Глеб Черкасов: "Левый фронт" не нужен Зюганову, Зюганов не нужен "Левому фронту". Левые, которые радикальные, считают Зюганова социал-предателем, я думаю, что они так считают. Попытки объединиться предпринимались достаточно давно и что-то с этим сделать, наверное, невозможно. Зюганов статусный политик, ему не нужны люди, которые могут кинуть файер в рамках его манифестации. Это в конце 90-х, когда ему еще нужна была широкая коалиция, он пускал в свои колонны, в финале шли национал-большевики, ныне запрещенные. И было очень смешно: сначала идут чинные колонны с кумачами, а потом национал-большевистская колонна очень колоритная с совершенно другими лозунгами. Сейчас для Зюганова важно поддержание статус-кво. Он неоднократно говорил в последнее время, что он против смуты. Все логично, все разошлись по своим квартирам.
Елена Рыковцева: Глеб, вам не кажется, что не файеров он боится, а как раз этого лозунга "Свобода узникам Болотной"?
Глеб Черкасов: Это тоже. Ему не нужно все, что напоминает о каком-то несанкционированном, неформальном политическом действии. Для Зюганова важно поддержание статус-кво, у него все достаточно неплохо. Мне кажется, что для руководства КПРФ сейчас гораздо важнее какие-то внутренние маневры и перемещения, нежели попытки расширения своей базы.

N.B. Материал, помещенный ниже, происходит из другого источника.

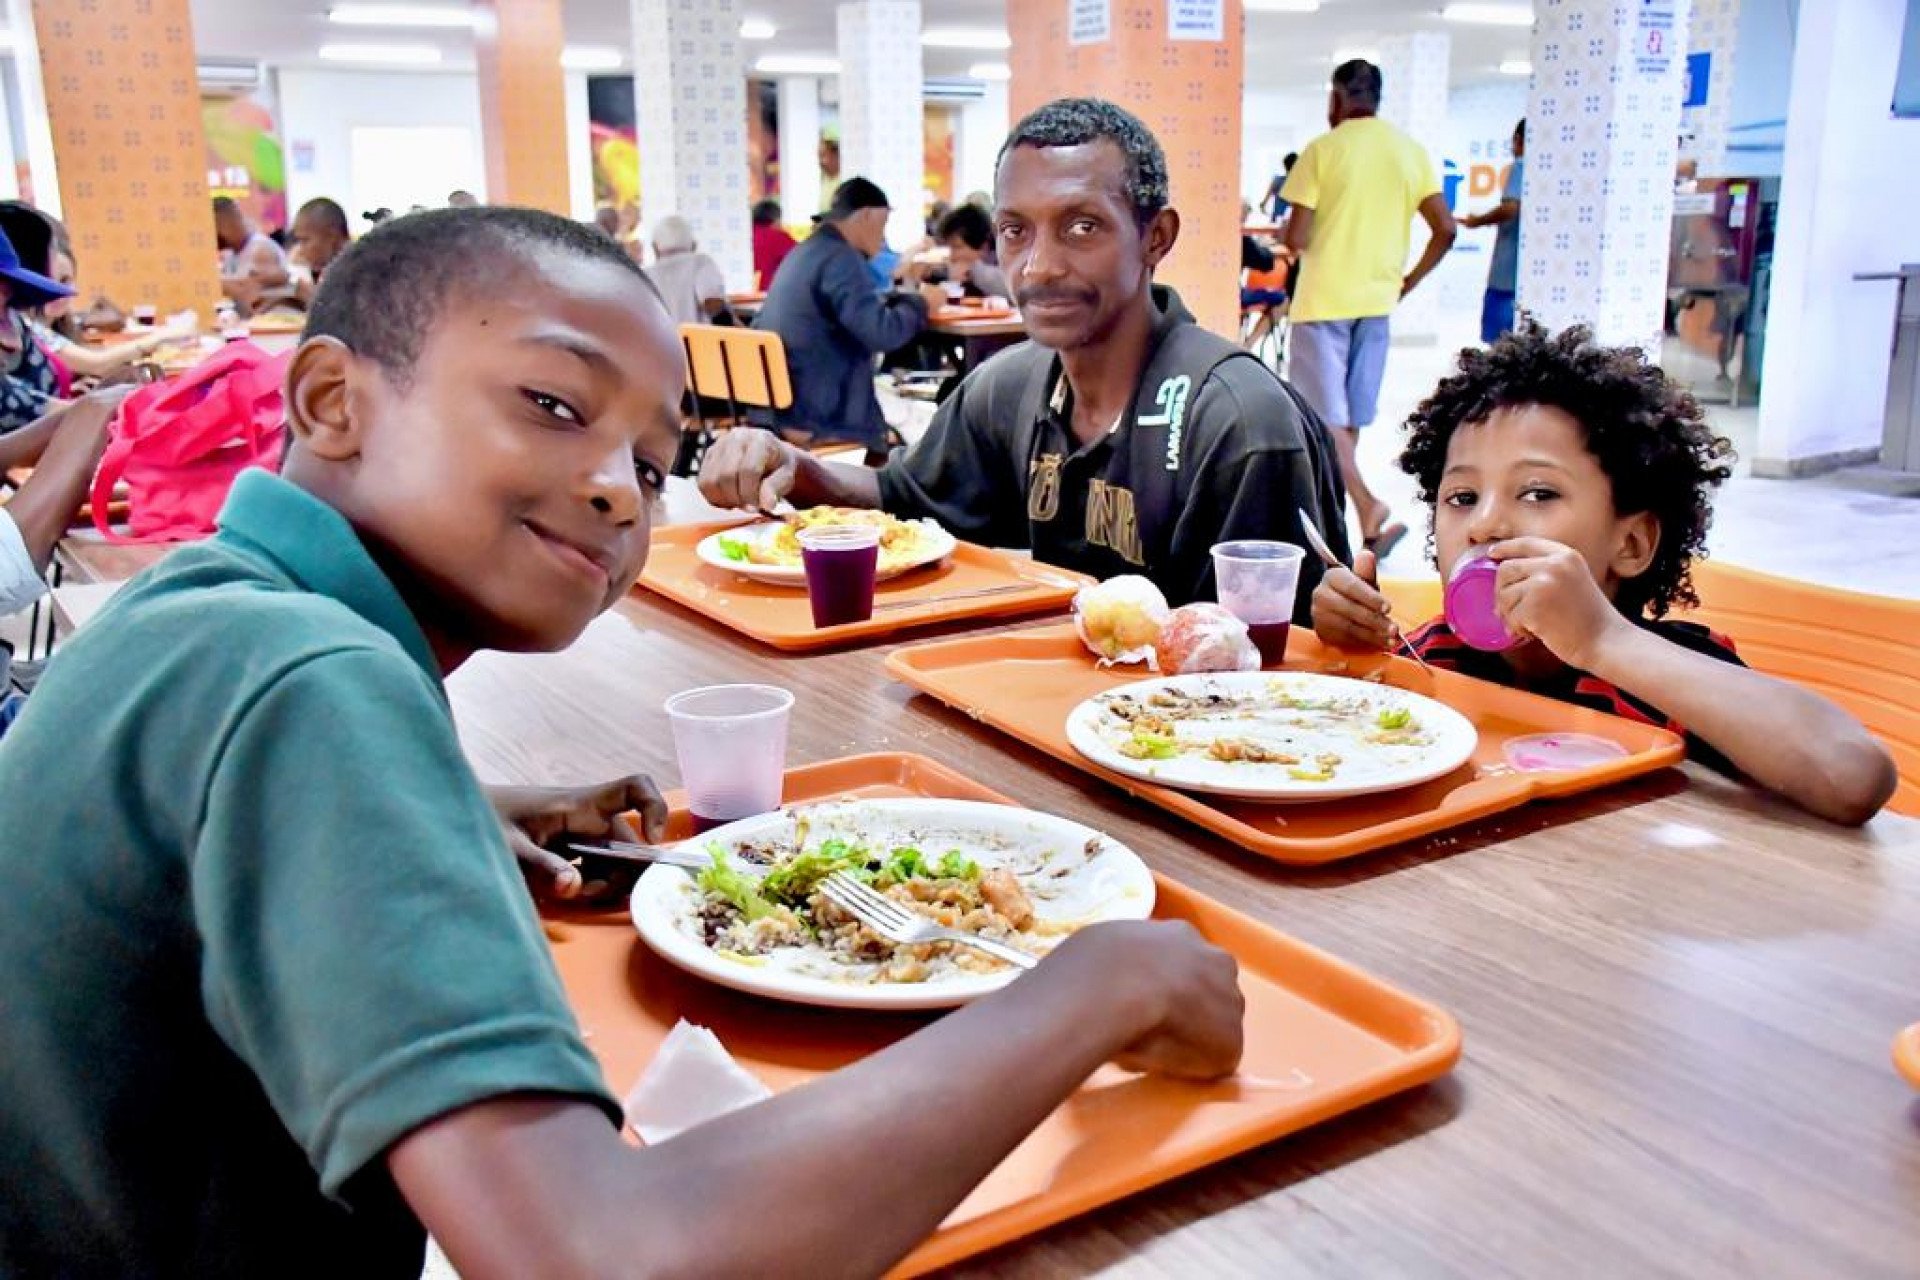 Em companhia dos filhos, o pedreiro Evandro dos Santos relatou que almoçar no Restaurante do Povo foi a melhor opção - Jeovani Campos / PMBR

Елена Рыковцева: Их не беспокоит, что нет молодых, нет притока, а есть сплошной отток и размежевание?
Глеб Черкасов: Почему нет молодых? Какие-то молодые обязательно найдутся. До тех пор пока КПРФ работает лифтом во власть, пока КПРФ может куда-то продвигать кандидатов и защищать их голоса, будут приходить молодые люди. Почему бы им не посидеть в парламенте? Почему бы не попретендовать на какие-то места в законодательных собраниях? Другой вопрос, что КПРФ в настоящее время находится в таком своеобразном электоральном загоне, из которого она в нынешнем состоянии не выйдет. Я думаю, что в нынешнем виде она существует, пока Зюганов руководит партией, как только отойдет от дел, сразу начнутся какие-то перемены.
Елена Рыковцева: И пока живы те, кто за них голосуют.
Глеб Черкасов: За них голосуют молодые.
Елена Рыковцева: Думаете?
Глеб Черкасов: В 11 году была простая альтернатива для тех, кто собирался идти на выборы: либо "Единая Россия", либо те, кто не согласен с "Единой Россией", могли голосовать за какую-то любую другую партию, все они не нравились. Самый большой бонус от этого рационального лозунга получила "Справедливая Россия".
Елена Рыковцева: Мы сейчас говорим о протестном голосовании, а не об осознанной, осмысленной поддержке КПРФ со стороны молодежи.
Глеб Черкасов: Все равно КПРФ получила эти голоса.
Елена Рыковцева: Если бы она была названа не КПРФ, а как-то еще, ей все равно бы отдали эти голоса, если бы то была партия, которая способна оттянуть голоса "Единой России".
Глеб Черкасов: Почему нет? КПРФ очень долго живет в том числе за счет того, что у нее есть гарантии прохождения в парламент. Голос, поданный за нее, будет не выкинут.
Елена Рыковцева: За счет этого, получается, она и живет довольно искусственным способом. Напомню, что 9 мая 2012 года сразу же после событий на Болотной прошлись три силы вместе – коммунисты, белоленточники и "Левый фронт" по Тверской. Причем опять же получила разрешение Коммунистическая партия, но эта колонна к ним примкнула, их не разогнали, разрешили прокричать все, что нужно в защиту идеалов Болотной и тех, кто был арестован в те дни. Алексей Сахнин ровно по этим причинам, по причинам событий на Болотной сейчас не с нами, а далеко в Швеции. Алексей, как вы видите сейчас из Швеции всю эту историю с "Красным маршем", почему нельзя было быть вместе и на этот раз, как тогда 9 мая 12 года?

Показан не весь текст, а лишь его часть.